Referred to the mathematical background, well established notions from algebraic geometry combined with topological aspects were applied. As far as visible, I couldn't detect any draw-backs concerning the rigor of the mathematical argumentations, though several of them are just covered by citations.

Now the "however" sentences: There may be not many physicists, mathematicians, and/or biologists who understand both sides of the coin. That's why I recommend to cite and discuss by adding the "qualitative figures" from one of the many comprehensive review papers on non-canonical DNA structures. Also, from the "conventional" mathematical side, I would like to see papers added, like:

An algebro-geometric model for the shape of supercoiled DNA (https://doi.org/10.1016/j.physd.2021.133073)
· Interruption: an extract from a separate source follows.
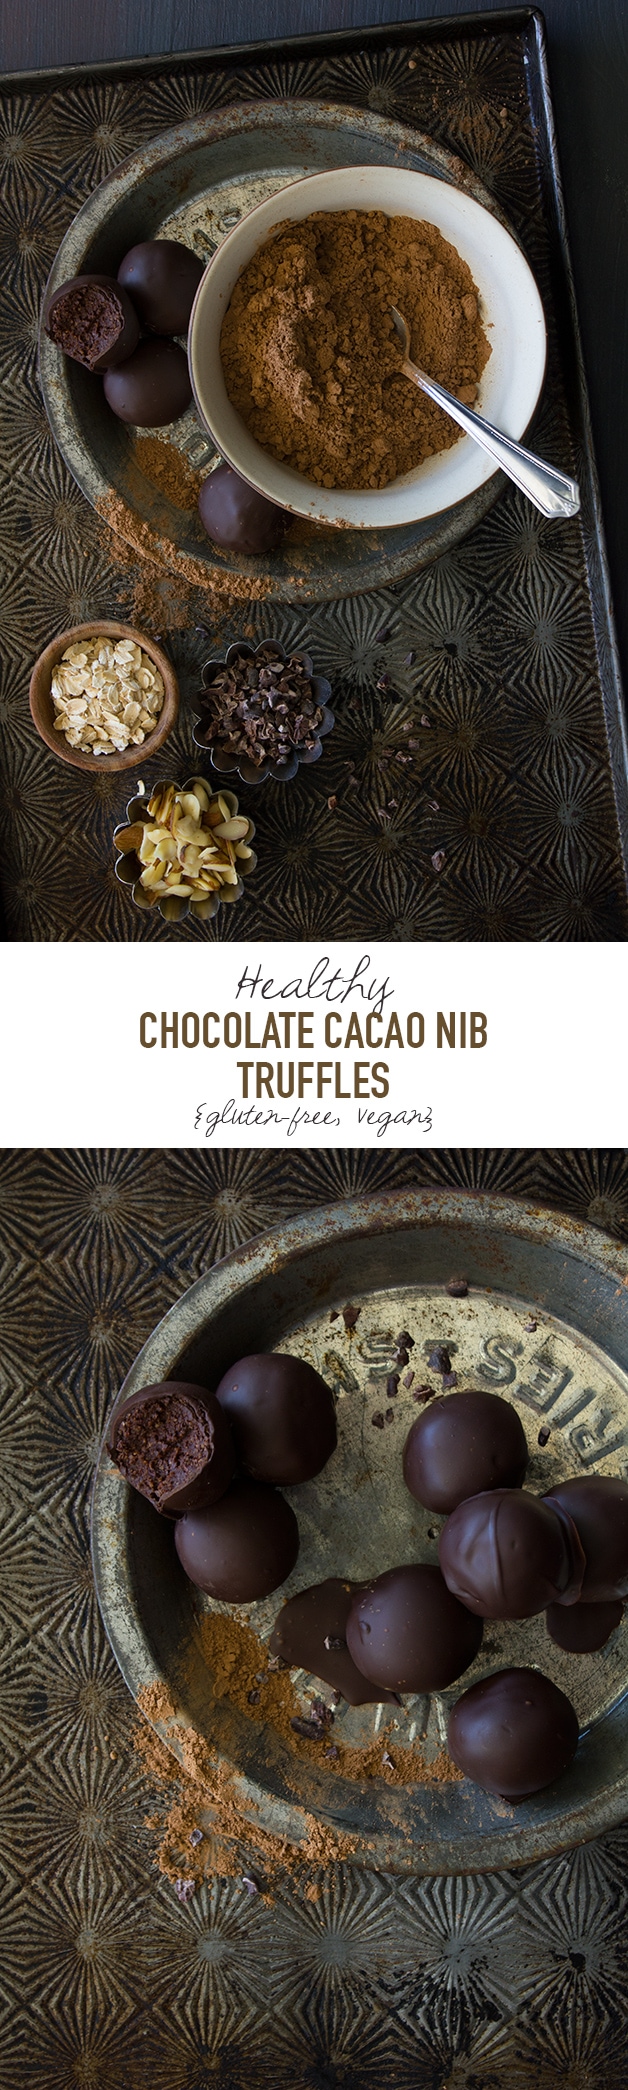 Healthy Chocolate Cacao Nib Truffles {gluten-free, vegan} | www.brighteyedbaker.com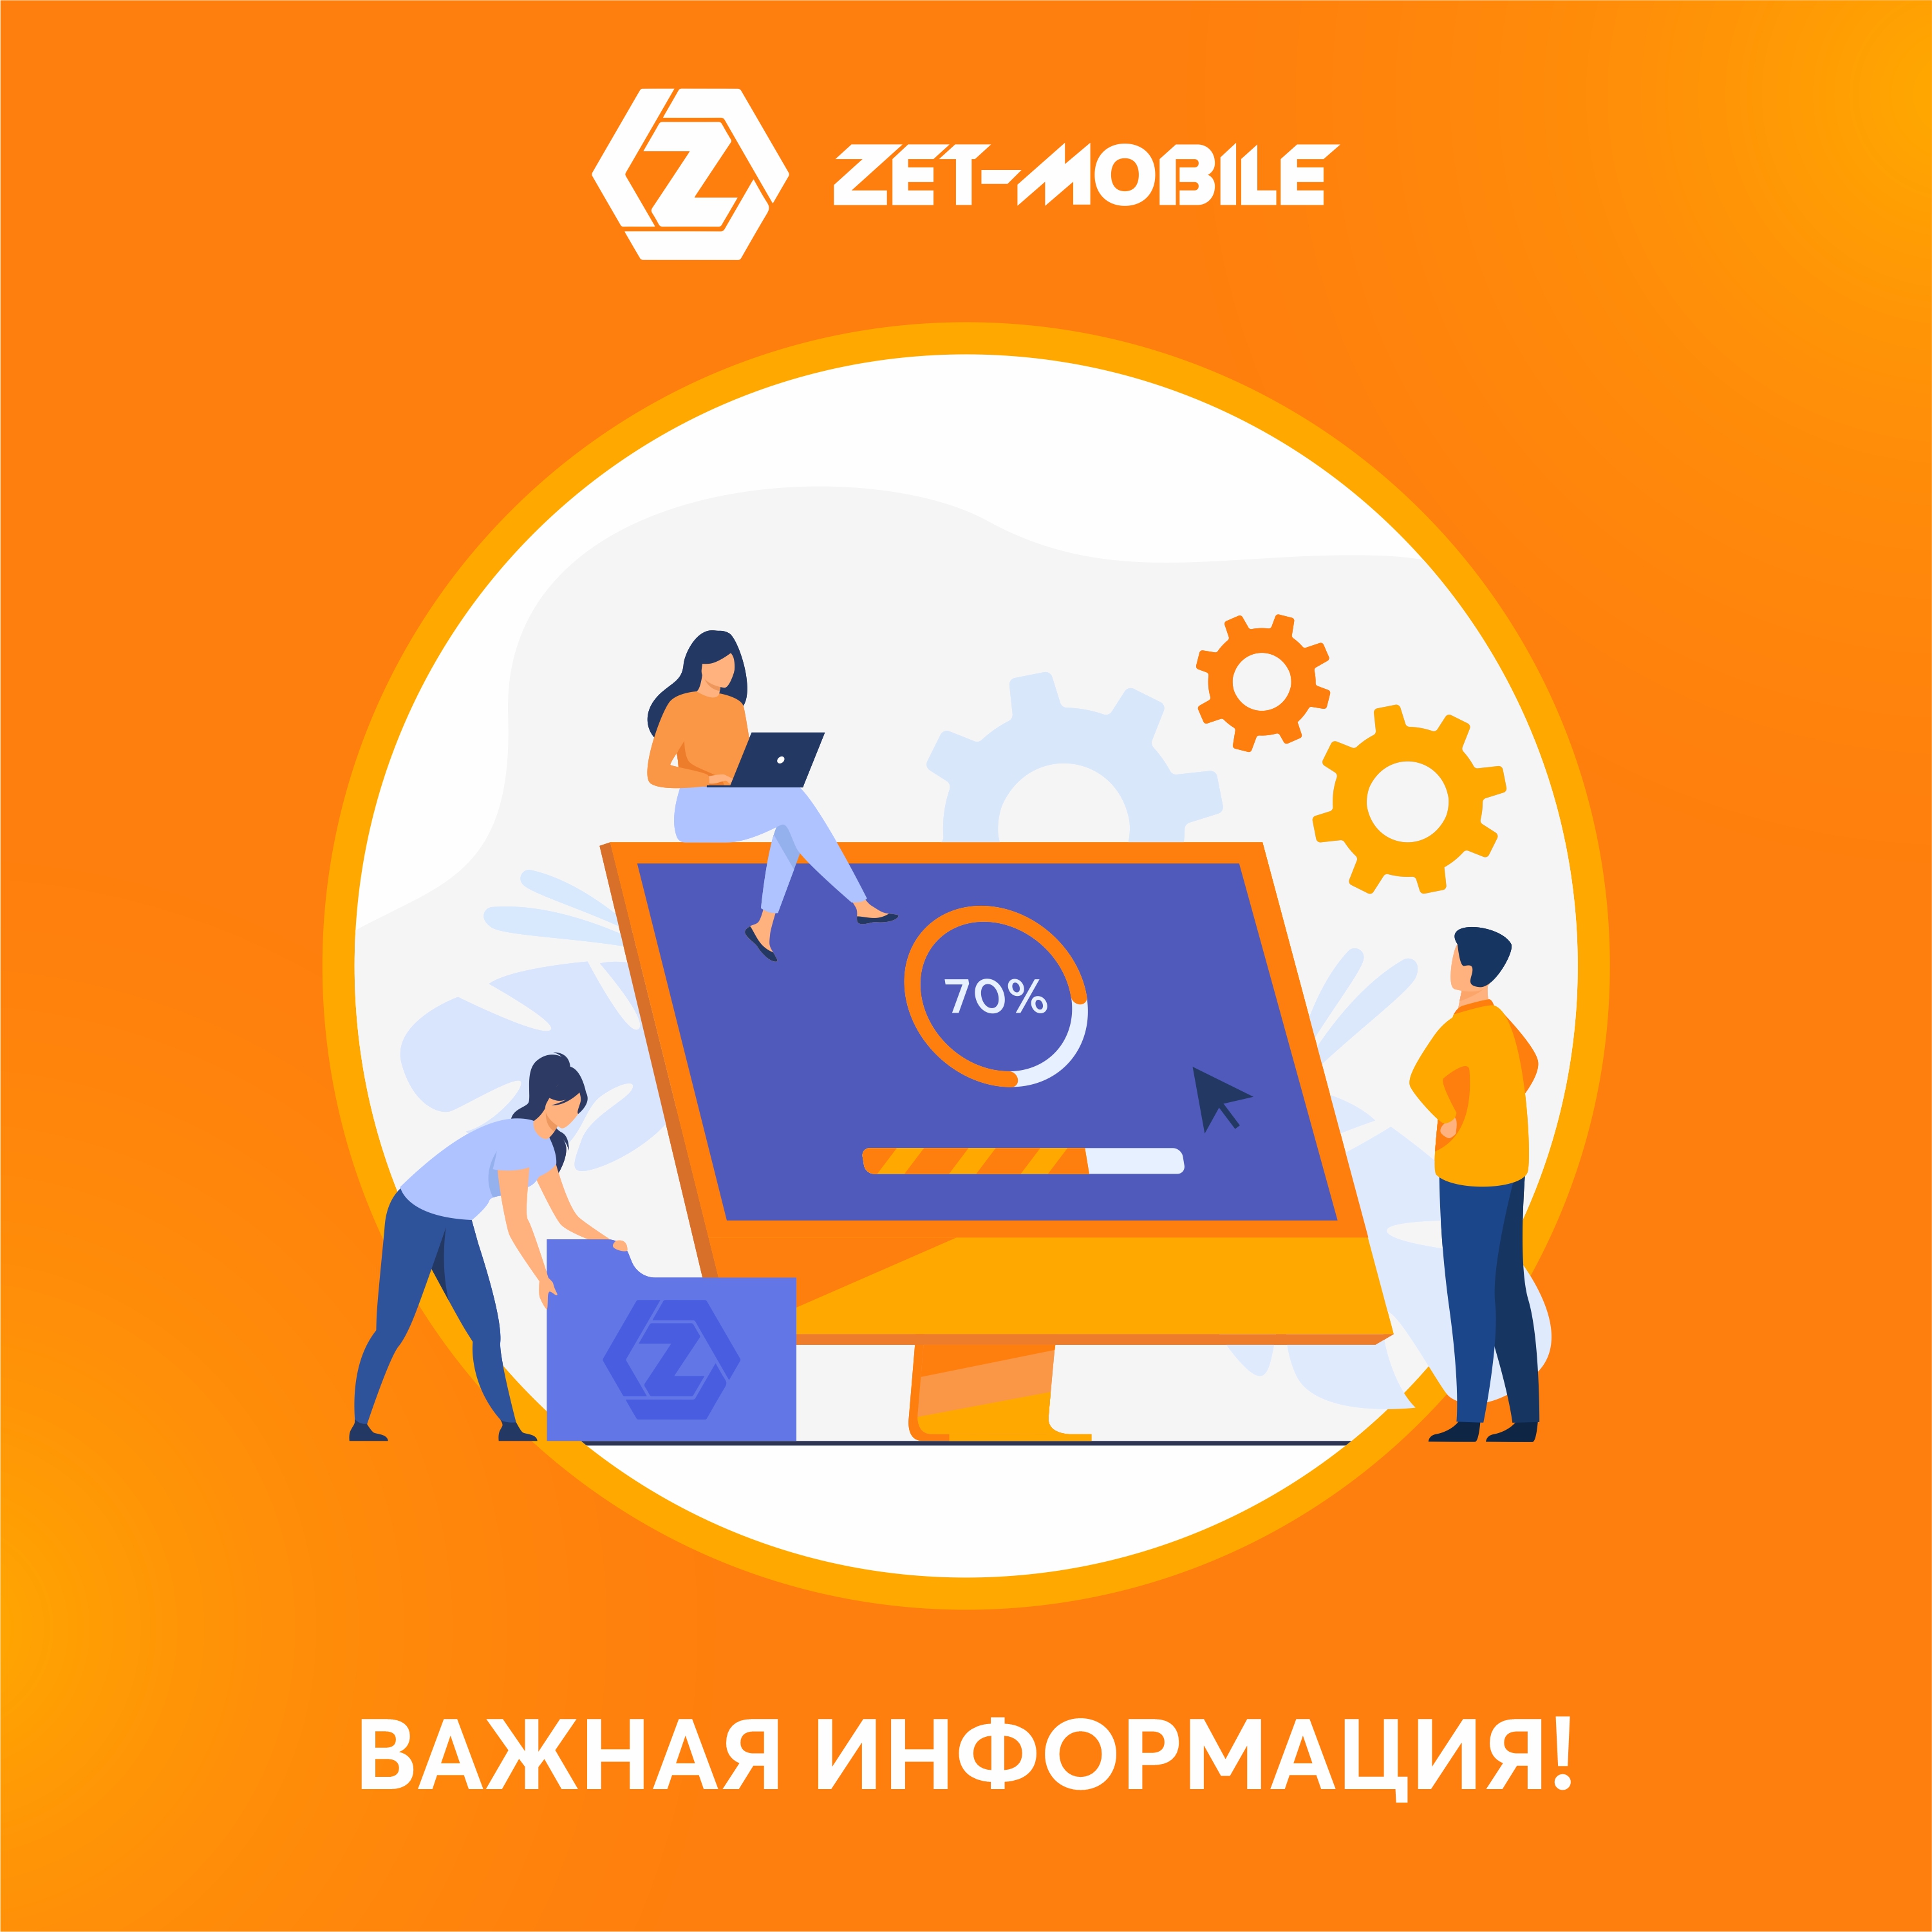 Новые правила: с 1 мая ZET-MOBILE меняет условия услуги «Трансфер»

Geometry of gene regulatory dynamics (https://doi.org/10.1073/pnas.2109729119)

Author Response

2. Response to Referee 2

We thank Referee 2 about his reading. We completely agree with him that our paper is in the direction of confirming “the generally accepted view that non-canonical DNA structures have regulatory functions in gene expression and regulation”. Our reply to the “however” sentence is a conclusion that was lacking in our first submission. In the conclusion, we quote a recent review paper by Bansal et al about non-canonical DNA structures. We also quote the two proposed papers by Matsutani et al, and Rand et al.  This work  may  have  to  do  with  the  correspondence  between  Painlev´e  VI  and Fricke surfaces, as mentioned at the end.

Round 2

Reviewer 1 Report

The author adress all my comments. The paper is now more readiable. The changes in the conclusion were absolutely necessary to understand the work in this paper.